Basically he jumps on you because he is bored and looking for entertainment. . He knows you can't ignore him if he jumps on you, so this is a good way of getting your attention. 

I agree it must be very hard not to react when you are in agony from his claws digging in you But if you can just put him down and ignore him when he does this it will be better, or he will always do it. 

When he gives you the clear message he's bored and wants a game, take him off you and ignore him for 15 minutes. Then start a vigorous game with a rod toy with him. 

As time goes on you will be able to prevent the attacks by reading his body language and immediately getting out a toy and giving him your 100% attention for as long as possible. 

One kitten on their own will not amuse himself, so you need lots of interactive toys such as rod toys like Flying Frenzy, Da Bird, also a Laser light, and ping pong balls you throw for him. And plenty of places for him to climb, e.g. high shelves. 

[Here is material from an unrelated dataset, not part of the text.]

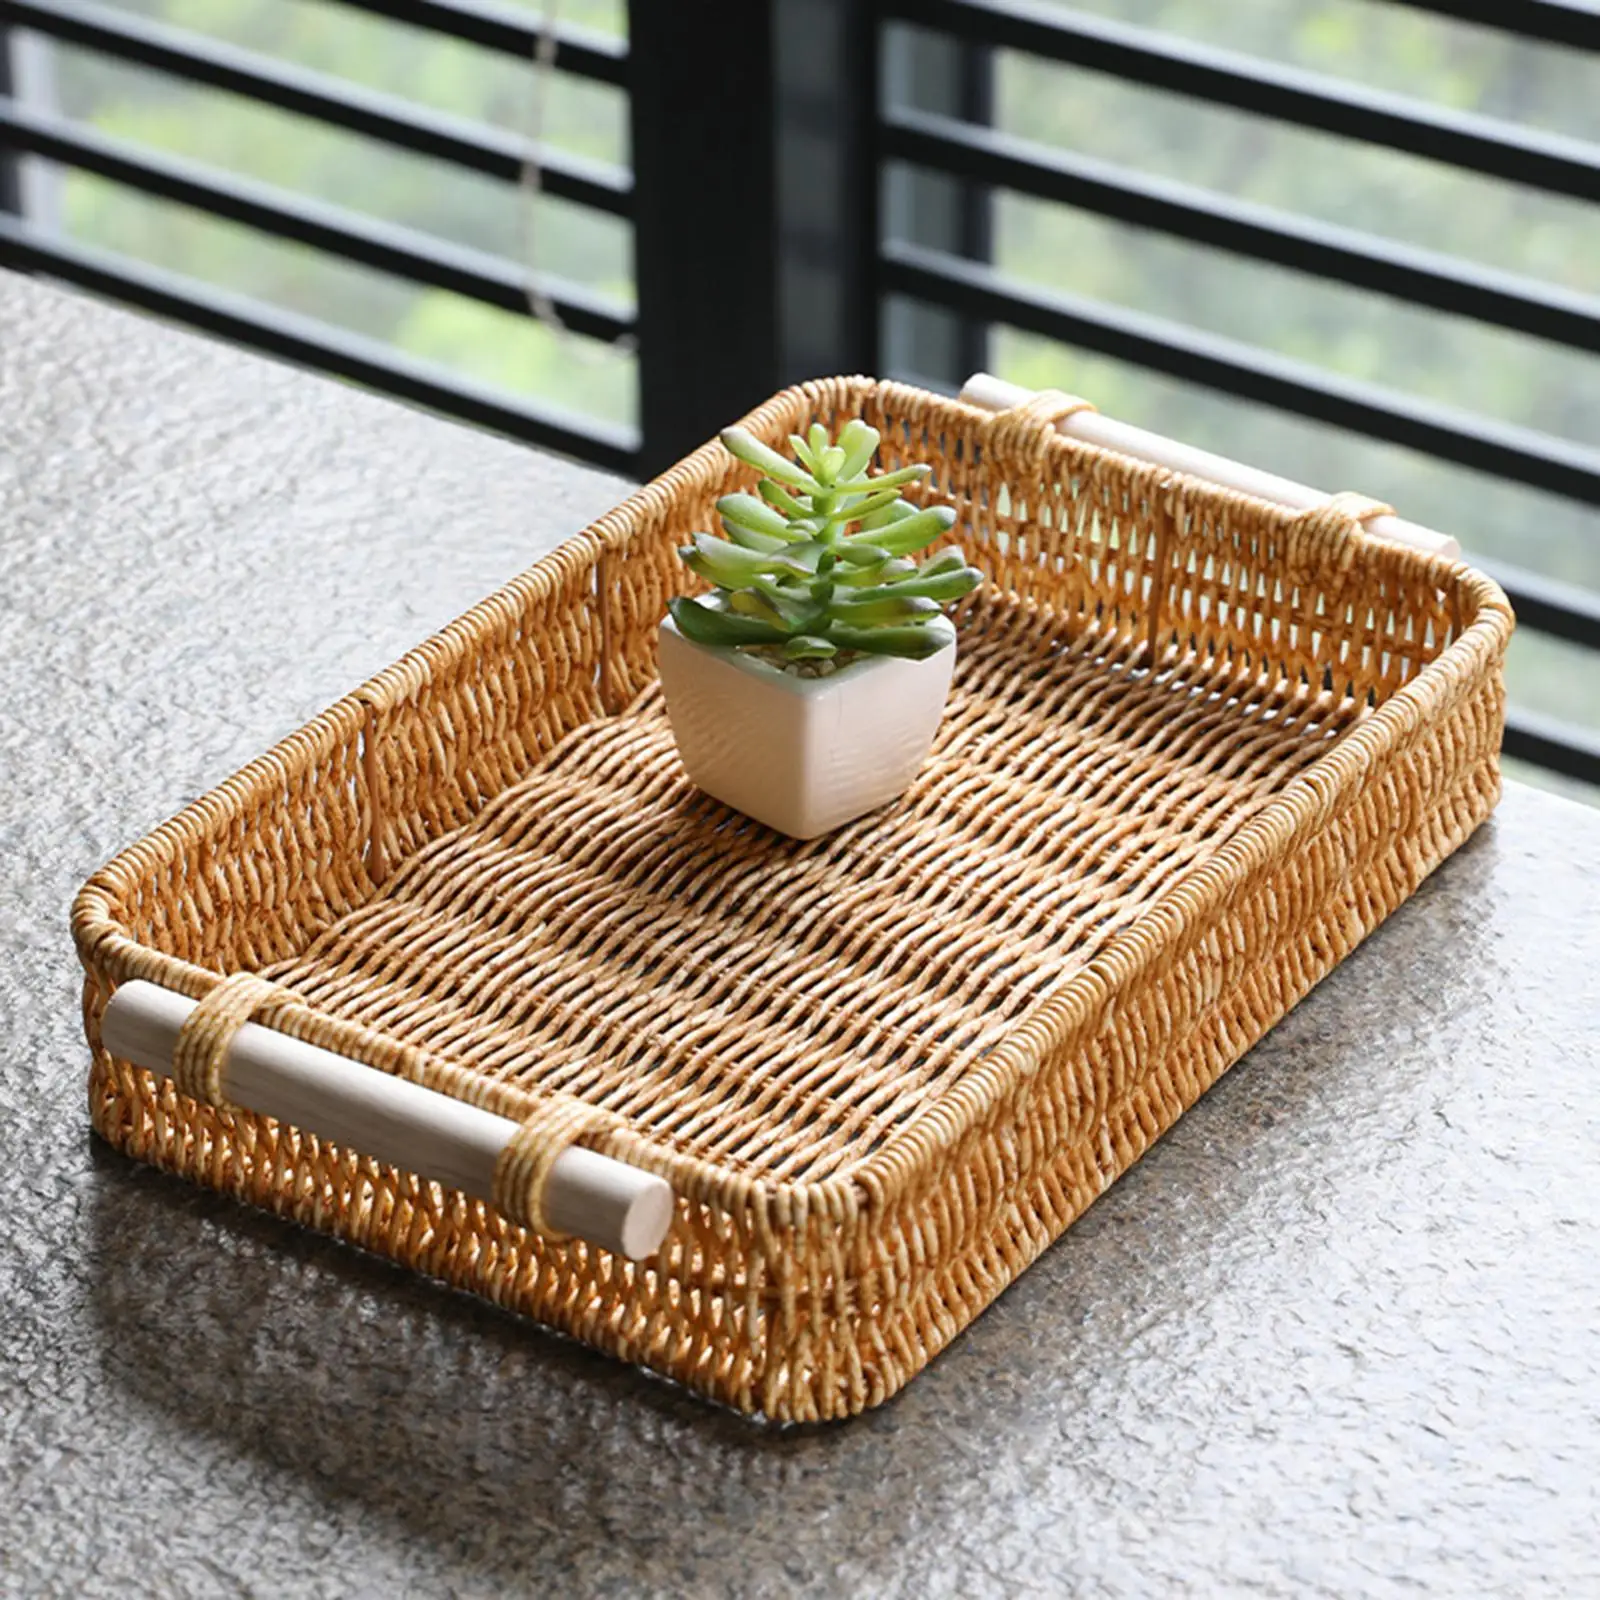  Rattan Weaving Basket, Fruit Baskets Platter, Hand Basket for Desk Bedroom Living Room Home

If you have stairs, play with him on the stairs using a rod toy, you stand half way up and wave the rod toy to and fro so he has to run up and down the stairs. He will use a lot of energy this way.


----------



## Soozi (Jun 28, 2013)

chillminx said:


> Delilah, your cats sounds intelligent and full of energy. Playing with him for only an hour a day in 15 minute sessions is not enough I'm afraid. My 2 kittens are 10 mths old and up until a couple of weeks ago my OH and me played with them for up to 4 hours a day (with us taking turns). Now the kits are a bit less manic as they are older we play with them at least 2 hrs a day, an hour or so at a time.
> 
> They also have an enriched environment in the house (they don't yet go out), and we move things around every few weeks so there are lots of things for them to explore and investigate.
> 
> ...


Good advice Chillminx! the only thing is that I think Sushi is mildly Asthmatic so long vigorous play sessions might be a bit much for him! I'm sure Delilah will advise about that though!


----------



## chillminx (Nov 22, 2010)

Yes, you have a point Soozi But I hope that Delilah, from knowing him, will be able to tell when his breathing is becoming compromised. 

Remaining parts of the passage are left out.